Note: Higher-resolution versions of the figures are available.  If a log has URL dirname/logLL.html, Figure FF of the log should be at URL dirname/FF.jpg.

 

5/12/04

Rerunning with no effective frequency cut

plotNCoincidences(5)

with cutSetID = 2 (f_e > 25) or cutSetID = 5 (f_e > -1e10)

plotLocalize5Coin.m

            I reran without the effective frequency cut.  The number of events increased ~sixfold.  Figure 1 gives number of events with the cut, Figure 2 without.  Figures 3 and 4 give the resulting event maps.  Actually these maps are incomplete – two hours of data had so many coincidence combinations it would take ~10 hours of running to complete them, and they have not been included.

            Apparently the effective frequency cut is useful in beating down combinatorics.

 

Figure 1

 

Figure 2

 

Figure 3

 

Figure 4

 

5/12/04

Neutrino cross sections, revisited

sigmaEstimate.m

plotSigmaEstimate.m

            I looked at papers by Gandhi, Quigg et al again for extrapolations of neutrino-nucleon cross sections at UHE.  I had been using a 1995 paper, hep-ph/9512364, but this was updated in a 1998 paper, PRD 58 093009.  Both papers quote a power-law fit to energies from 10^16 to 10^21 eV.  I extrapolate this as high as 10^32 eV (Figure 5) to find where the atmosphere becomes opaque, where the interaction length become 1000 cmwe.  According to Figure 6, the atmosphere becomes opaque at ~10^32 eV.  The new cross sections are lower than those in the previous paper by between 22% (10^21 eV) and 76% (10^32eV).

 

Figure 5

 

Figure 6

 

5/17/04

Radiation contours

plotDetectionVolumeRect.m (mode = small02, extraLarge)

            The radiation contours in the current paper version only range from 5e20 to 3e21 eV, less than an order of magnitude, but we wish to calculate a limit over a range of ~4 orders of magnitude for comparison with FORTE.  Figure 7 gives contours for 10^12 and 10^13 GeV.  Figure 8 gives contours for 10^13 through 10^16 GeV.  The bubbles at top and bottom are 10^17 GeV contours, hopefully they are glitches due to poor sampling and would be better resolved with an expanded mesh.  This expanded mesh would be necessary to extend our flux limit to 10^17 GeV, currently it reaches 10^16.

 

Figure 7

 

Figure 8

 

5/18/04

Final acceptance and exposure calculations

genMC.m

calcFinalAcceptance.m

calcExposure.m

            Figure 9 gives “raw acceptance” (without multiplying by neutrino cross section), for various thresholds.  Figure 10 gives “acceptance” (multiplied by N_A = 6.02e29 nucleons/m^3 and the total neutrino-nucleon cross section).

 

Figure 9

 

Figure 10

 

Figure 11 gives exposure, which is defined to be acceptance times livetime, at each threshold.  Note that exposure increases with threshold (increasing livetime outweighs decreasing acceptance) until it reaches 0.028.  This is how the “quiet conditions” cutoff (0.026) was chosen – above this threshold, the acceptance is too low to contribute significantly to exposure.

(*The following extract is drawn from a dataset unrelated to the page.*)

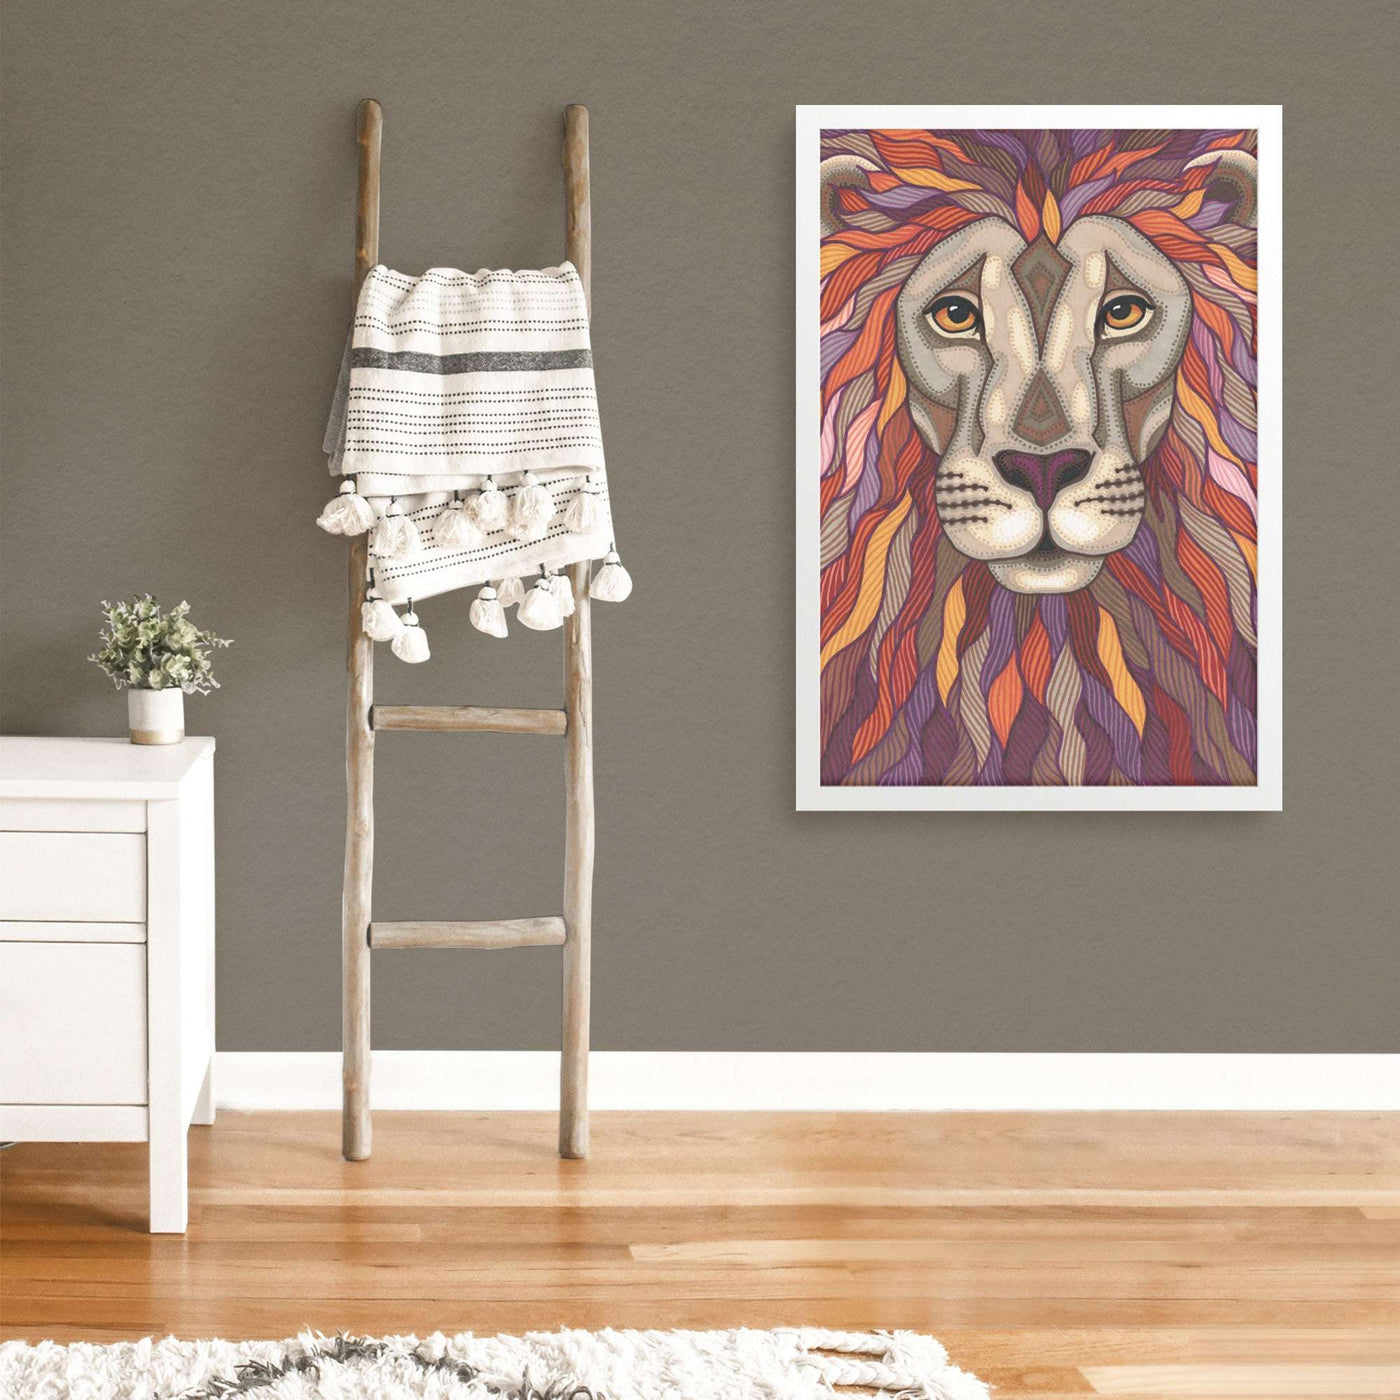 A modern room with gray walls featuring a Lion Pride Framed Print, a white cabinet, a wooden ladder with a blanket, and a small plant.

The black line gives the total exposure, summed over all thresholds.

 

Figure 11

 

5/18/04

Final limit

finalLimit.m

Figure 12 gives our final neutrino flux limit (blue) compared to FORTE (red).  At each energy, it is given (following the FORTE paper) by N times the energy divided by the exposure, where N is the Poisson upper limit at 90% CL given 0 events detected (N = 2.3).

            If I’ve done it right, we’re 6 orders of magnitude behind FORTE.  I’ve done some rough optimistic estimates that we could get into the regime of testing theories (z-bursts, td’s, grb’s and agn’s) with 1-km tubes sensitive along their entire length.

It looks like the best place such a detector could compete is about 10^12 GeV, where it could beat RICE and GLUE and test TD models.  This particular detector would be 1 km strings spaced 500 m, spanning 10 km by 10 km.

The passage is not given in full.